As an addled goose, I try not to be too confused about metasearch. Are you?

Stephen E Arnold, May 25, 2012

Sponsored by Polyspot

Big Outfits Buy Search Vendors: Does Chaos Commence?

May 25, 2012

I don’t want to mention any specifics in this write up. I have a for-fee Overflight on the subject. I do want to highlight some of the preliminary thoughts the goslings and I collected before creating our client-focused analysis. This write up was sparked by the recent news that the founder of Autonomy, which HP acquired for $10 billion, is seeking new opportunities after eight months immersed in the HP way. See “Hewlett-Packard Can’t Say It Wasn’t Warned about Autonomy.” This write up contained a remarkable statement, even when measured against the work of other “real” journalists:

Some will say this is a classic case of an entrepreneurial business being bought by a hulking, bureaucratic institution which failed to integrate it and failed to understand its culture. Others will say HP, desperate to do a deal, simply overpaid for a company that was going to struggle to maintain its sales and earnings momentum and was deluded about its abilities. Certainly warnings about the latter were there for HP to see before it handed over all that cash. Here’s what Marc Geall, a Deutsche Bank analyst who used to work at Autonomy, said in October 2010 about the business model: “…investment in the business has lagged revenues… [which] could affect customer satisfaction towards the product and the value it delivers.” He went on to warn that Autonomy’s service business was “too lean” and that it “risks falling short of standards demanded by customers”. All of which prompted Geall to question whether the company needed to change its business model – “traditionally, software companies have needed to change their business models at around $1bn in revenues”.

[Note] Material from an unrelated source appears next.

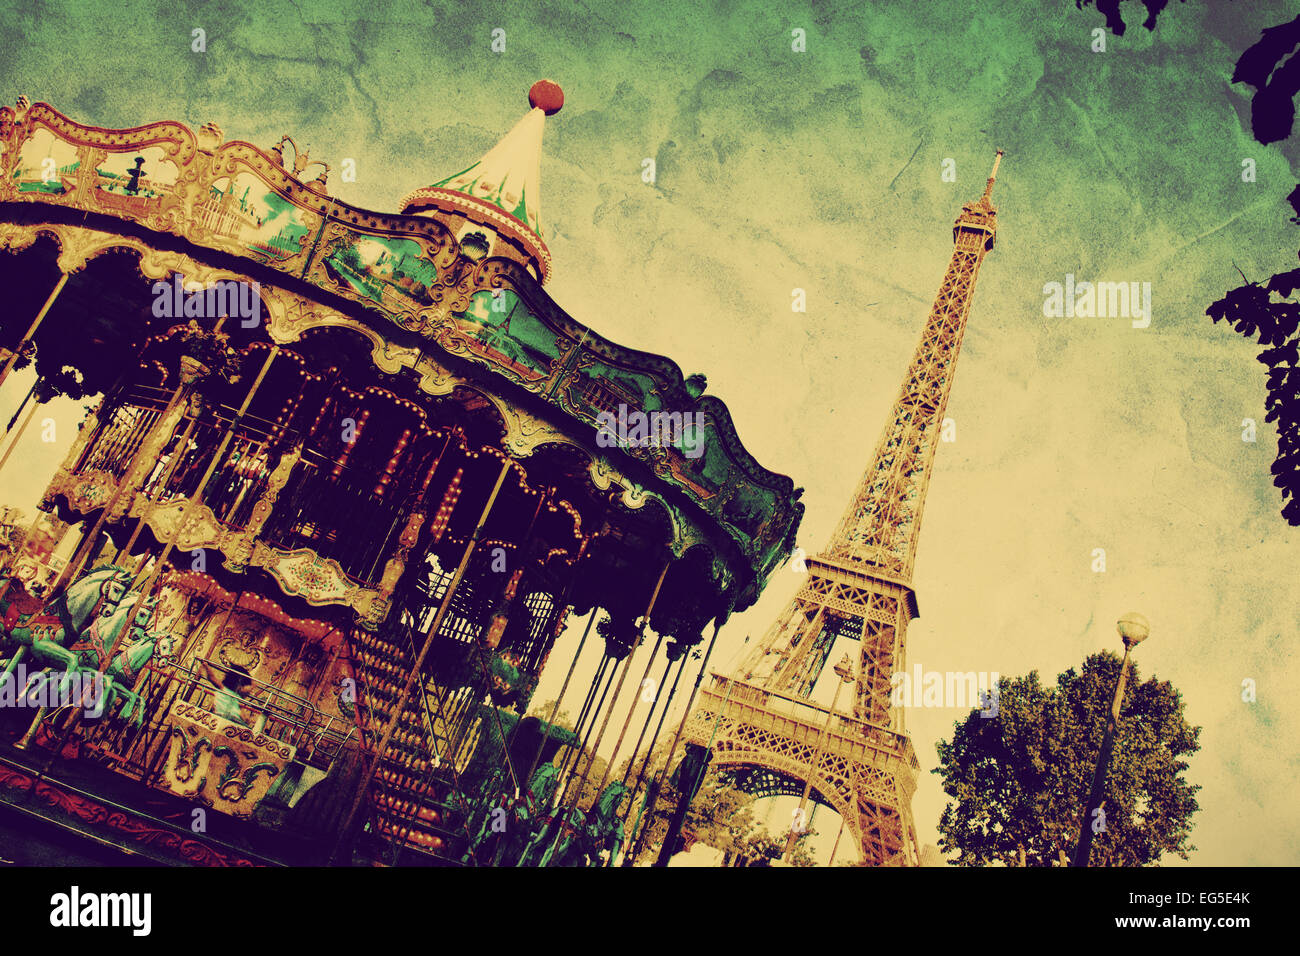 Eiffel Tower and vintage carousel, Paris, France. Retro style Stock Photo

Yep, now the issues are easy to identify: the brutal cost of customer support, the yawning maw of research and development, the time and cost of customizing a system. The problem is that these issues have been identified. However, senior managers looking for the next big thing are extremely confident of their business and technical acumen. Search is a slam dunk. Heck, I can find what I want in Google. How tough can it be to find that purchase order? That confidence may work in business school, but it has not worked in the wild-and-crazy world of enterprise search and content processing.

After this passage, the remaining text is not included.